Dois euros a bifaninha, euro e meio o passarinho no pão. Com um copo de branco faz a festa com três euros em qualquer dos casos. Só o copo, um euro.
Não, não, o que quero saber é o preço disto?
Ah! O carismático? Não está à venda.

Foi-se embora.
Chegou segundo atraído pelo cheiro da bifana, e a mesma cena. Terceiro, idem aspas. Ao quarto, decidi levar o carismático para as traseiras, depois pensei se não seria burrice minha rejeitar um negócio sem sequer discutir o preço. O quinto a arribar nem olhou para o carismático e iniciei-me no negócio com um passarinho, uma bifaninha e dois copos de branco da casa. Fiquei convencido que tinha ganho o primeiro promotor nas redondezas do meu negócio de bifanas e passarinhos fritos em molho de vinho de alhos.

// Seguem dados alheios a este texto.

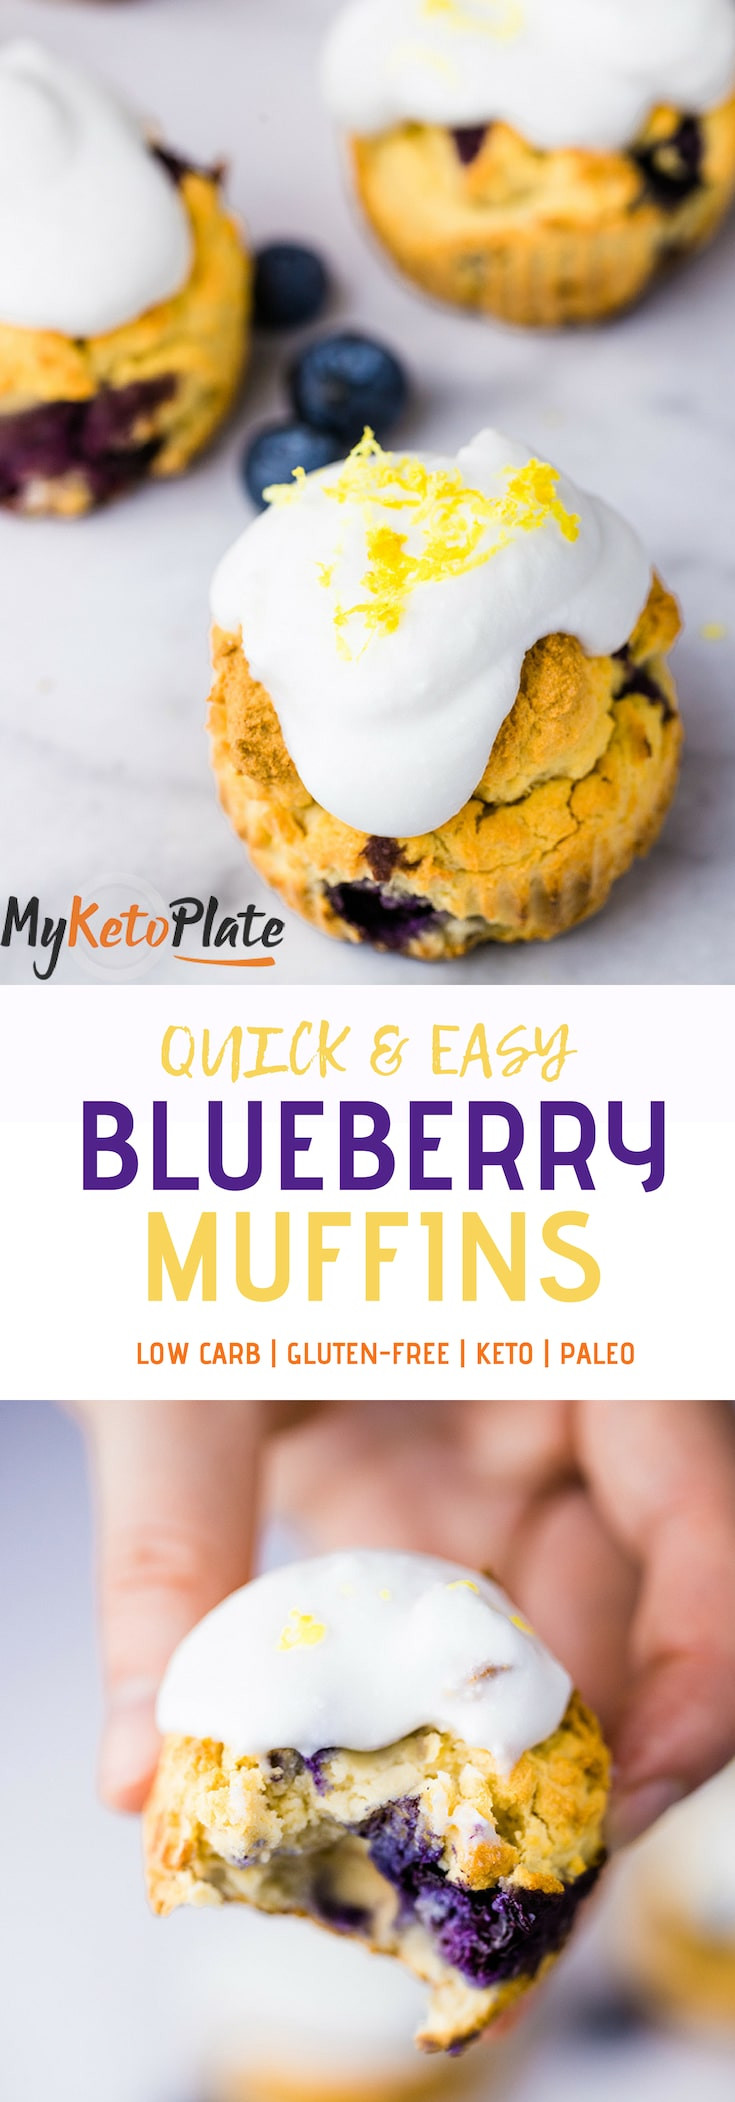 Dairy Free Keto Muffins
 Easy Dairy Free Keto Paleo Blueberry Muffins MyKetoPlate

Chegou o sexto, e volta à baila o carismático.
Quanto é que isto custa?
Duzentos euros?
Duzentos euros?!!!
Não posso vender por sequer menos um cêntimo para não perder com o negócio. Não é meu. Colocou-o aí pessoa amiga que está a desfazer-se das recordações. Sabe como é, a crise está a atormentar muita gente...
Disse du-zen-tos euros?
Foi realmente o que eu disse. O carismático tem mais recordações que o sr. Manuel de Oliveira.
E se for só isto?, perguntou o interessado apontando para o carismático?
Não posso vender a carisma à parte. Bem vê, a parte restante perderia todo o sentido.
Está bem. Pode embrulhar.

 Ficar sem o carismático fez- me sentir dolorosamente ainda mais só.
Fui ter com um tipo que conhecia dos tempos da escola, um destes fulanos capaz de satisfazer qualquer encomenda, dei lhe as dicas necessárias e em três tempos tinha outro carismático na loja. Vendi-o, sem dificuldade, por duzentos e cinquenta euros. E encomendei uma dúzia ao artista dos carismáticos. Já só me sobram dois, e o preço já vai nos dois mil euros cada. Dou trinta por cento ao artista, que nunca na vida viu tanto dinheiro, o mesmo não digo eu, que fui caixa no banco durante trinta anos.

Há pouco passou por aí, entristecido, o sr. Seguro. Pensei, se este vem para comprar carisma, vem tarde, e não vendo em separado. Mas nem reparou, ou evitou reparar no carismático.
Um passarinho e um copo de água. O passarinho desossado, se faz favor.
Lamento mas não tenho passarinhos desossados. Mas pode comer uma bifaninha. Sem osso.
Tem muita gordura.

E foi-se embora com mais fome do que vinha.